Volkswagen, aiming for the new Group A Championship within the main world series, brought two Golf GTI 18s for Franz Wittmann/Matthias Feltz and Kenneth Eriksson/ Peter Diekmann, two German co-drivers with an Austrian and a Swede as respective partners. Aiming for the same category were Alain and Sylvie Oreille in a Renault 11 T, entered privately but certainly with factory support
Among the privateers were Salvador Servia from Spain in a red Lancia Rally. Paul-Marc Meylan from Switzerland in a Mazda RX7 and, down in the 60s where he certainly didn’t belong a dozen years ago.
Maurizio Verini in an Alfa Romeo GT V6. Marianne Hoepfner was there in a Lancia. Jean-Paul Rouget in a Renault 5 Turbo, Klaus Fritzinger in a Toyota Corolla, Pierre Pagani in a Lancia, but not a single GB plate save for the two Metros and half a German Peugeot!
Practice for the Monte can begin well in advance, and many started early in December, taking just one break for Christmas and New Year. It is a tedious, boring business, driving time after time over the same roads in order to make tiny adjustments and bring pace notes to perfection. But It is without doubt a necessity, even though the lines through corners can be changed drastically before the rally itself merely by the paths taken by snow plough drivers.
It can also be a time for making friends, and many competitors have got to know alpine dwellers and hoteliers really well as a result of their recces. Another interesting, though unofficial, indulgence is the car changing that goes on. Crews of different teams will often meet in the same mountain hotels, and “You try mine and I’II try yours” is a frequent dining room remark, although practice cars often bear little resemblance to the real things. Toivonen had little chance to engage in this, for he had nothing to offer most of the time, his practice cars kept breaking down and much of his time was wasted.
The first special stage of the rally was in the hills overlooking Aix itself, and for the benefit of television crews the interval here between cars was increased to two minutes, a delay being necessary afterwards to close everyone up again. It was just a short stage, so time differences were of little consequence, but the distinction of being the rally’s first leader went to Biasion, who was one second ahead of Saby, although the French driver was well down the classification list due to a 30-second penalty for push-starting his car in the closed park at Aix an allegation which he hotly denied.
Alen was rather unhappy, to say the least, for a misfire which had plagued him throughout the concentration run had not been traced and persisted into the competitive leg. Toivonen went off momentarily, whilst Rohrl was slowed by a bad tyre choice for the snow and slush.
The long Chartreuse stage was really the first significant one for its several large altitude changes meant that tyre choice would be vital. Toivonen chose wisely and promptly beat everyone else by half a minute. Kankkunen lost a good nine minutes when his injection inlet manifold broke and left him with only a fraction of normal power, whilst it was here that Pond felt the stiffening steering which indirectly led to his retirement.
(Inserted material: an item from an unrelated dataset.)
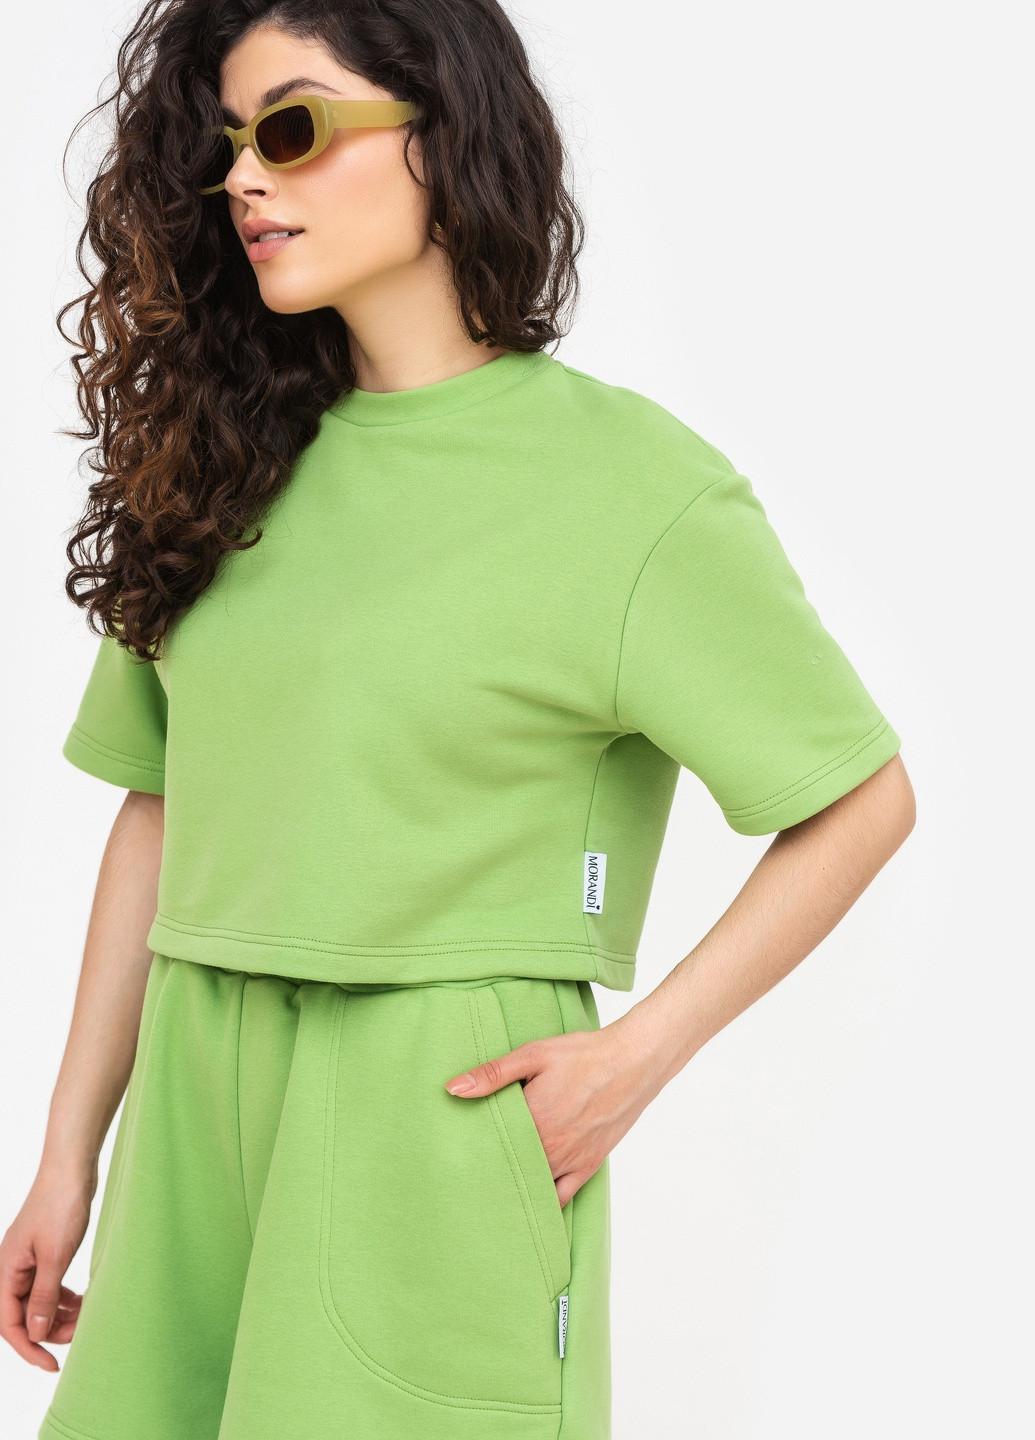 Зеленая всесезон короткая футболка трехнить зеленый чай с коротким рукавом MORANDI

Due to a traffic blockage at the stage exit, service time on the way back to Aix was cut by half, so Pond’s steering change, on the outskirts of the town, was done rather hastily and not as expertly as it might have been. When he pulled away he overtook a car only to find that the steering would not straighten again. The Metro went off the road and hit a road sign, barely a few hundred yards after leaving his service crew. They descended on him to repair the damage, but when he eventually got to the control he was 25 minutes late and down in 123rd place.
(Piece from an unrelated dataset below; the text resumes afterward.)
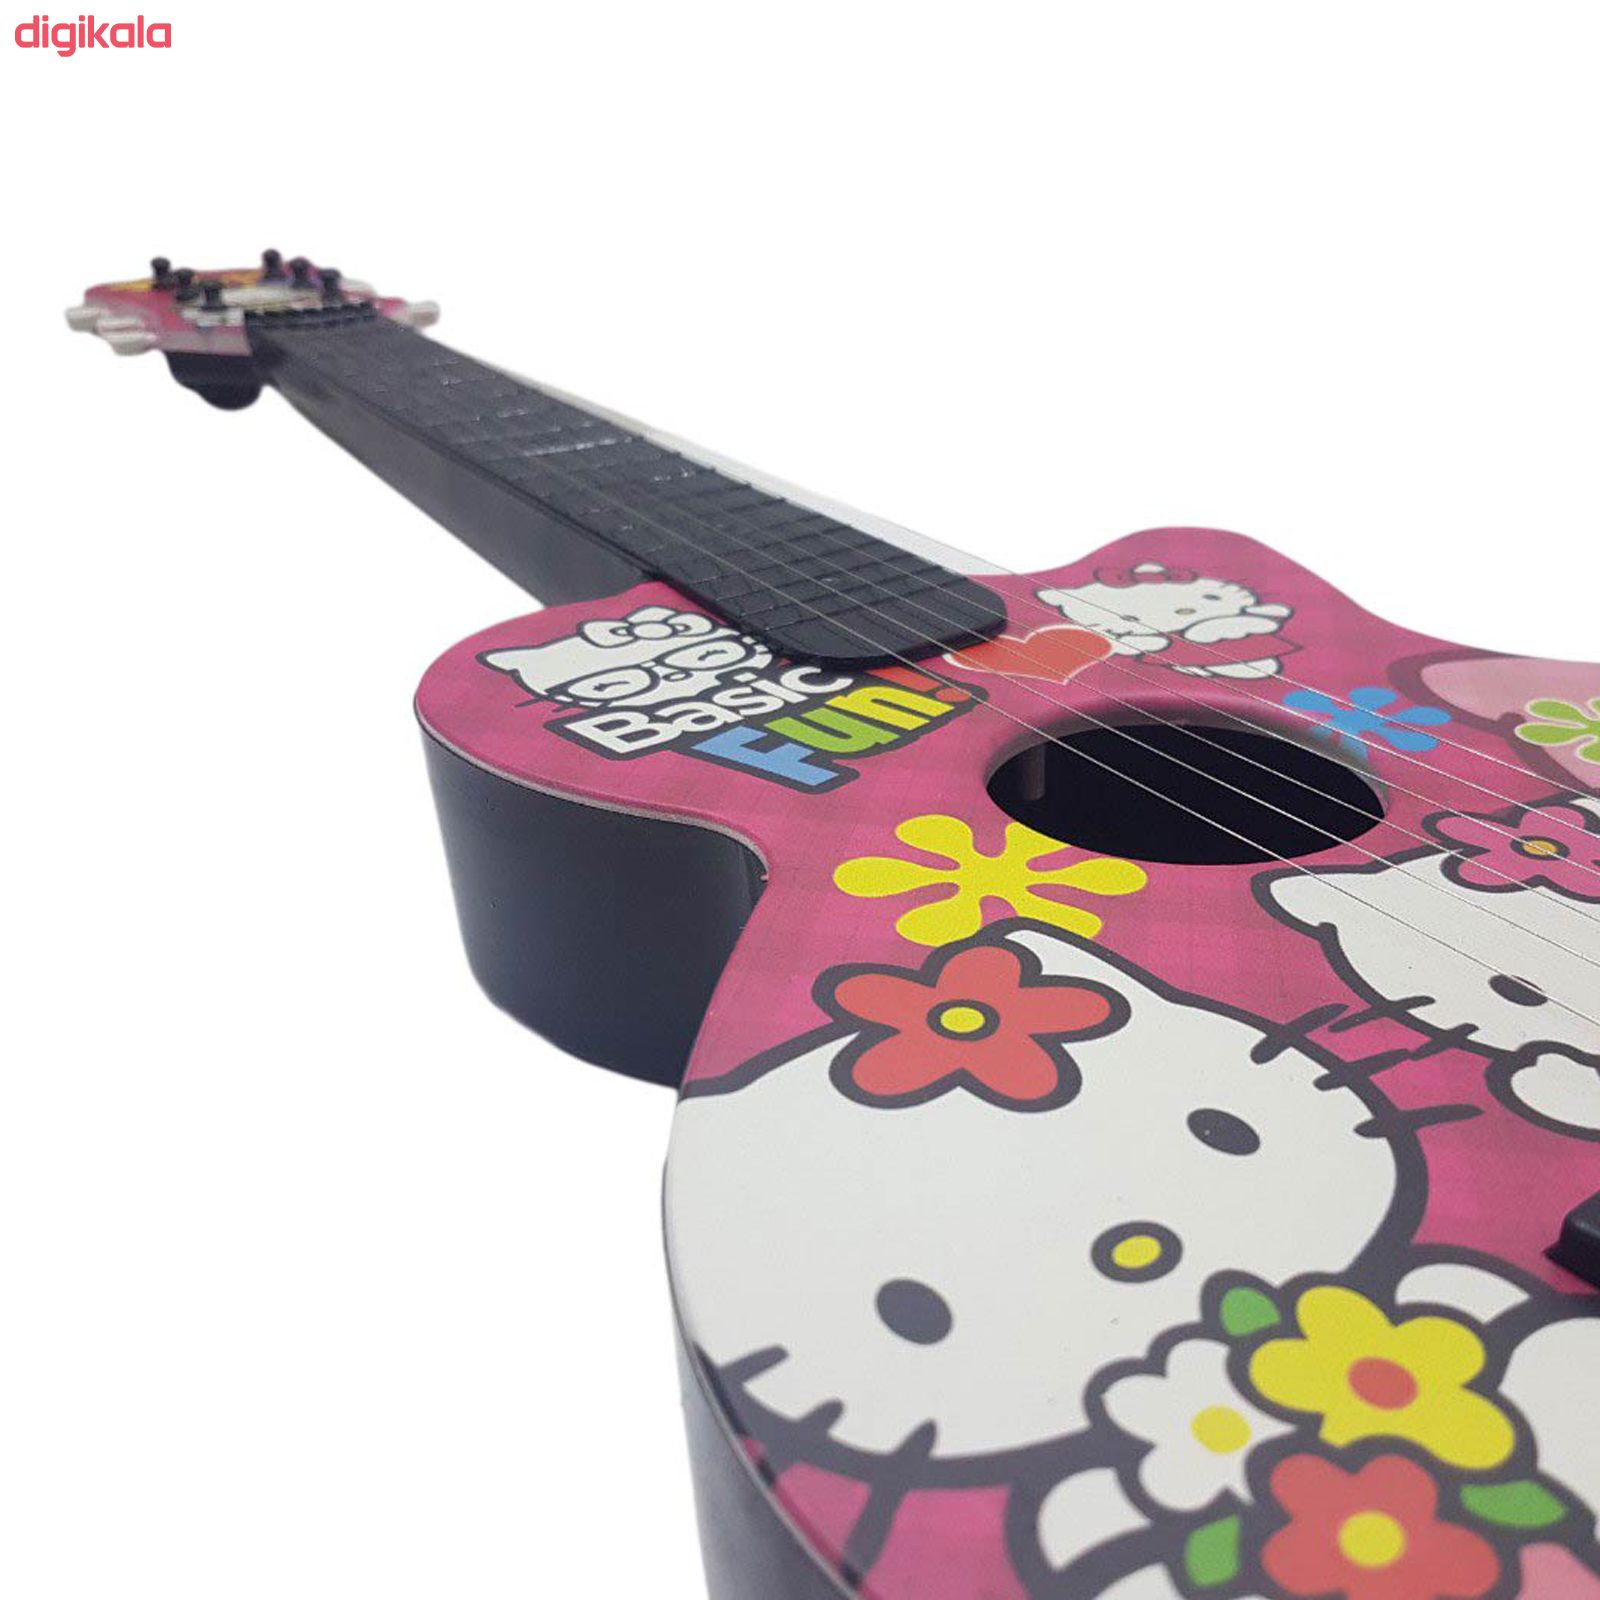  گیتار اسباب بازی مدل S90 طرح Hello Kitty

Wilson, on the other hand, was in ninth place, and the near-two-hour gap between them was beyond the stretching limit of the service schedule. Cover would be reduced for both cars, tyre logistics would become impossible and one disaster could easily be turned into two. It must have been an agonising decision that evening, but when the time came for the restart Pond’s car remained in the closed park.
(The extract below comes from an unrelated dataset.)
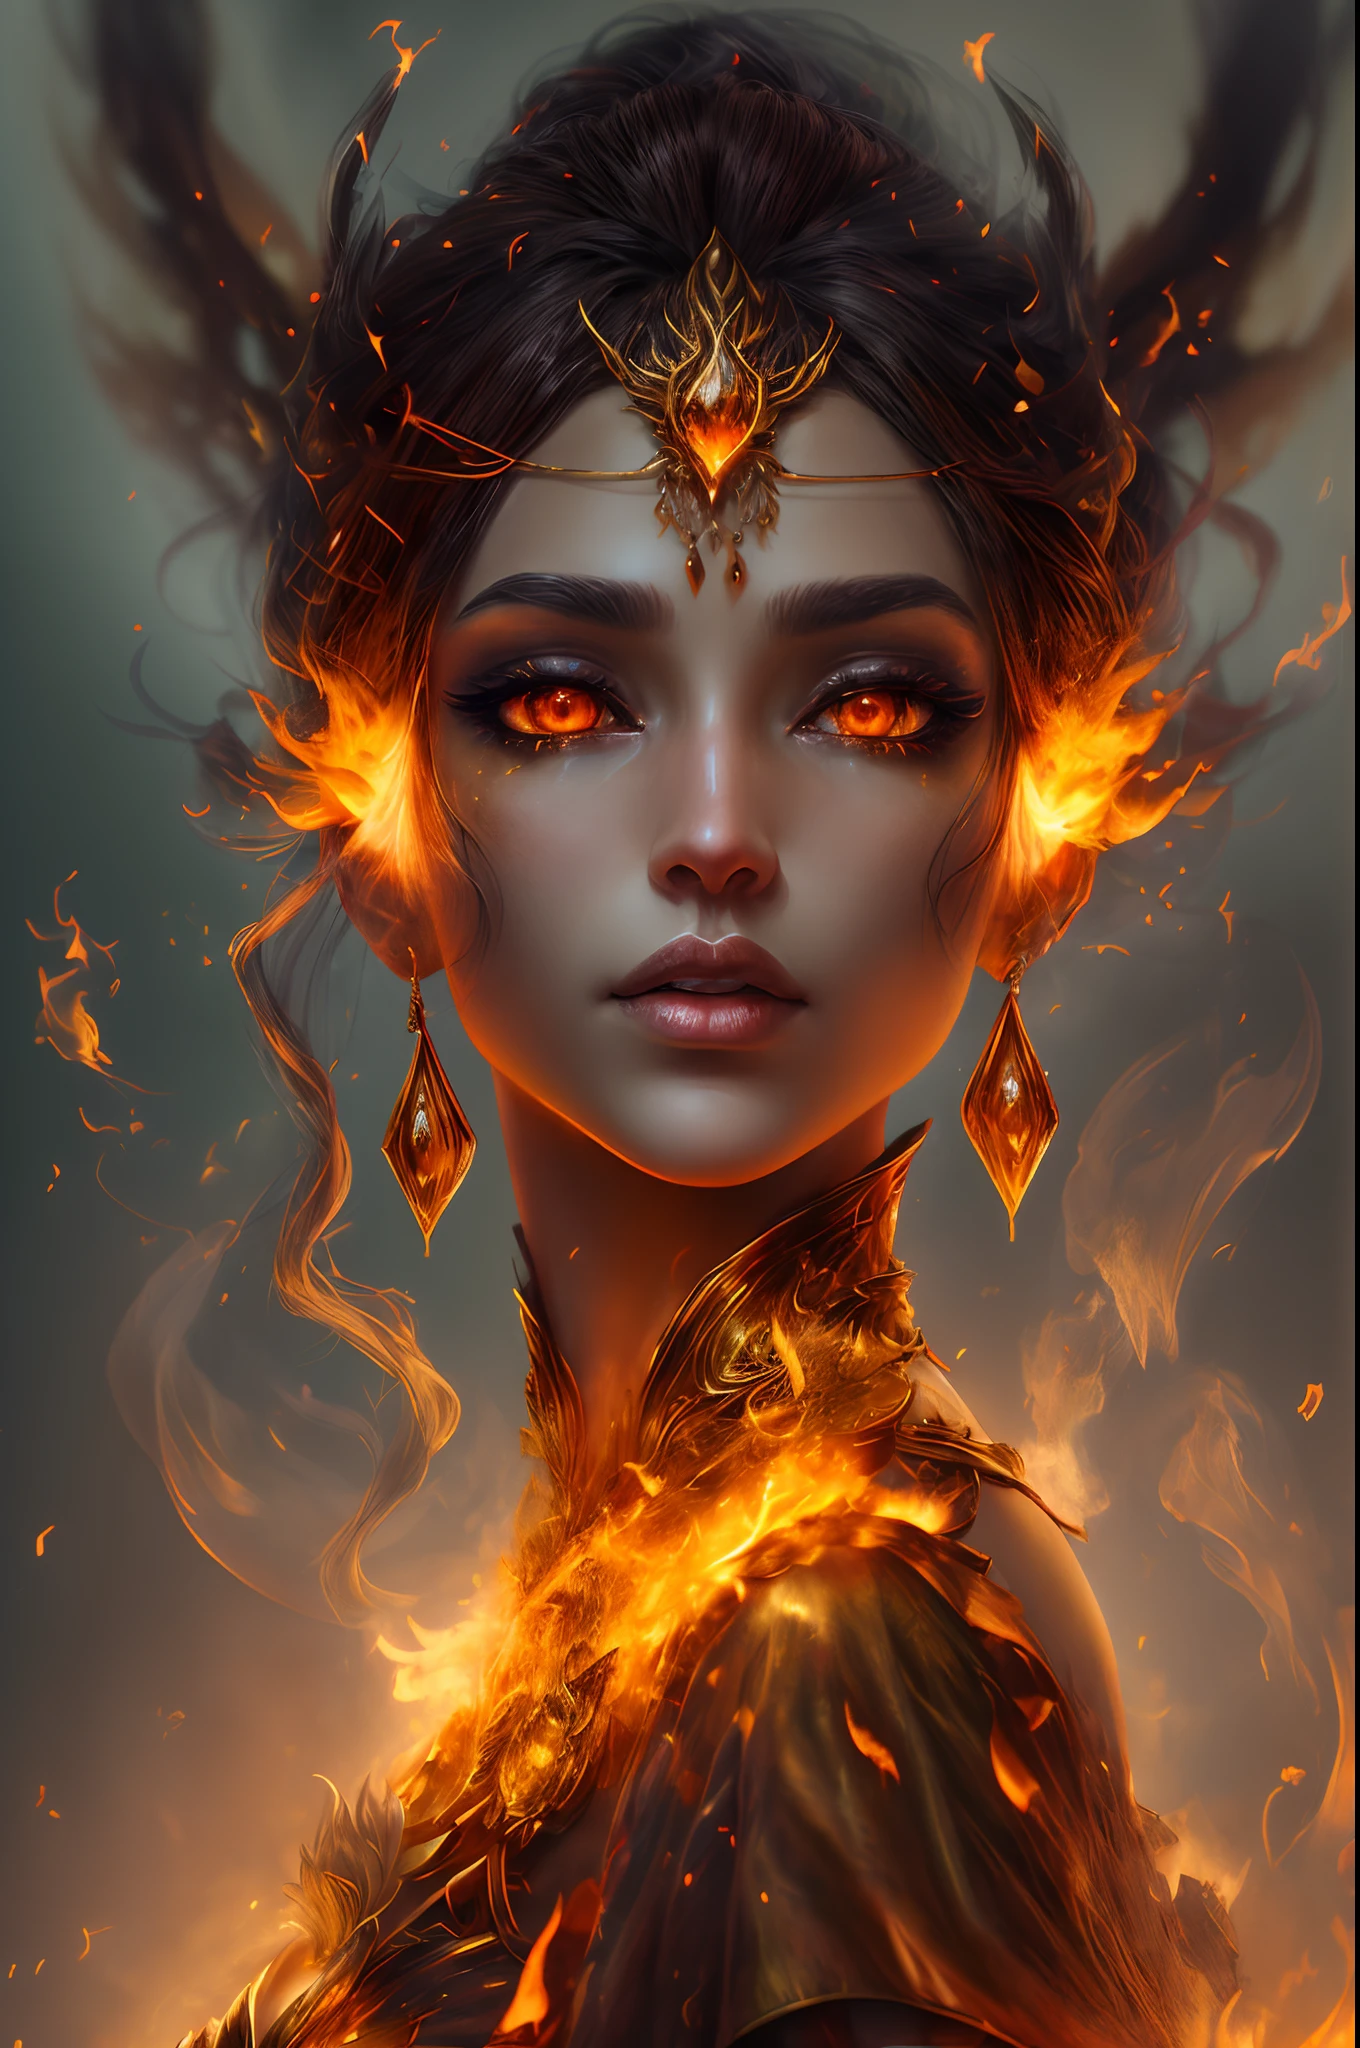 هذا (خيال واقعي) الفن يحتوي على الجمر, النيران الحقيقية, الحرارة الحقيقية, و realistic fire. Generate a masterpiece artwork of a  female fire druid مع large (((orange و gold))) عيون. The fire druid is awe-inspiring مع beautiful ((realistic fiery عيون)) alight مع confidence و power. Her features are elegant و well defined, مع ((ناعم)) و (((سمين))) و (((سلس))) شفه, هيكل العظام الجان, و realistic shading. Her عيون are important و should be the focal point of this artwork, مع ((تفاصيل واقعية للغاية, تفاصيل الماكرو, و shimmer.)) She is wearing a billowing و glittering gown ((مصنوعة من النيران واقعية)) و jewels that glimmer in the fire light. Wisps of fire و smoke line the intricate bodice of the dress. تشمل المطبات, الحجارة, التقزح اللوني الناري, متوهجة الجمر, silk و satin و leather, خلفية مثيرة للاهتمام, و heavy fantasy elements. آلة تصوير: استخدم تقنيات التركيب الديناميكي لتعزيز النيران الواقعية.

Many have been critical of the decision to withdraw Pond, saying that it he’d finished the rally 25 minutes behind the winner he would have been in fifth place, but that is just statistical theorising with a little “I told you so” to back it up when Wilson later retired. Had Wilson finished, and finished well, the critics may well have been supporters instead. True that Pond would have gained Monte experience by continuing but we doubt whether he would have wished to do so at the expense of taking backing away from his much better placed team-mate. Leaving Aix, Toivonen was in the lead by 65 seconds from Alen, who was just 12 seconds ahead of Biasion. Three Lancias were up front, followed by Saby, Rohrl and Salonen. Alen’s engine was still misfiring, no doubt due to some electronic quirk, but it didn’t seem to have slowed him any.
After the restart, Wilson began to get used to the rally and was fifth fastest on the first stage. Andruet put his Citroen off on this one, which was disastrous for the team because Wambergue had already gone out with a seized engine after a water pipe had burst.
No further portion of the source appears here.